Cuando finalmente el Estado descentralizador de Salinas decidió que los cines eran un muy mal negocio y los vendió, el daño estaba hecho. Con el tiempo surgieron los Cinemex, Cinemark, Cinepolis; al parecer la modernidad finalmente había llegado al exhibición de películas en nuestro país, buenas copias, audios que cada día son programados para engendrar generaciones de seres humanos sordos, palomitas hechas en sala, en envases gigantescos rebosantes de mantequilla, caramelo, chamoy  y tan caras que equivalen a una comida corrida en las calles de nuestra ciudad. Refrescos en cubeta para ser un obeso del primer mundo sin la molestia de tener pasaporte, hot dogs, nachos y últimamente placeres alimenticios que parecen sibaritas pero en realidad son sólo otra manera de llamar a una torta de jamón y queso. En el camino a la modernidad se perdieron los gaznates y los pistaches.

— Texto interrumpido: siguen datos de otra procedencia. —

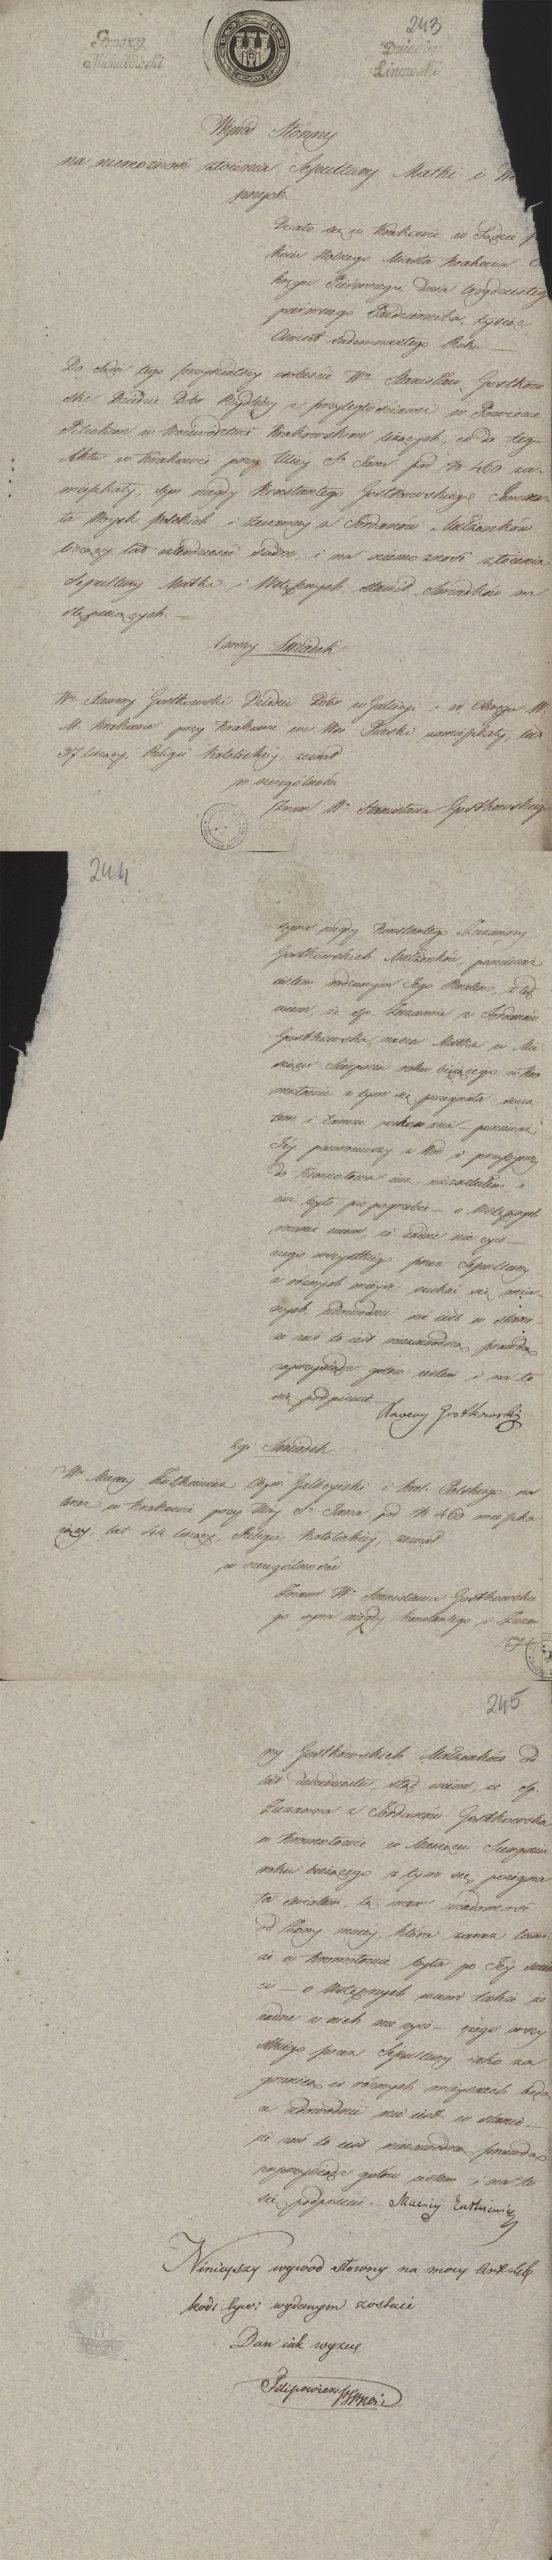 Alegaty do małżeństwa Stanisław Gostkowski & Martyna Apolonia Cieński (03.11.1817 r.) (2)

Pero más allá de los gustos alimenticios cuando la gente regresó a las salas de cine, creyó y sigue en el malentendido de estar en la sala de su casa. Existen nuevos y muy creativos espectadores; el que lee el titulo y los créditos de la película en voz alta. El que lleva a sus hijos a películas en inglés cuando los niños no saben leer aun y no lee los subtítulos  a todos a su alrededor.  El que platica toda la película, el que a gritos anticipa lo que el cree que va a suceder, los novios que se pelearon antes de entrar a la sala y tratan de reconciliarse dentro de ella, para poder ir a cenar o atener sexo de reconciliación después de la película. Las ancianas que no dejan de hablar de los buenos actores que había hace 40 años. Incluso alguna vez me tocó que antes de la función al subir el telón para dar paso a los cortos apareciera una declaración de amor y un adolescente llenara de flores, palomitas y refrescos a una muchachita con la que extasiado sudó la palma de su mano durante toda la función. Además de retrasar el inicio de la cinta por más de 20 minutos.
Alguna vez pensé que refugiarse en las funciones matutinas era un gran remedio para evitar a los espectadores de cine, pero ya ni eso resulta.  Las salas están llenas de pubertos de pinta o de cuarentonas y cincuentonas de regreso de su terapia. Todas quieren ver películas de Woody Allen o Bergman como sucedáneo de café y magdalenas, pero terminan viendo Los Vengadores, o un chick flick rodeadas de las amigas de sus hijas y llorando e ilusionándose como ellas.
En fin las únicas emociones que quedan en los cines ya no tienen nada que ver con una experiencia estética, sino con el evitar ser baleado mientras ve un anuncio de que bella es la vida.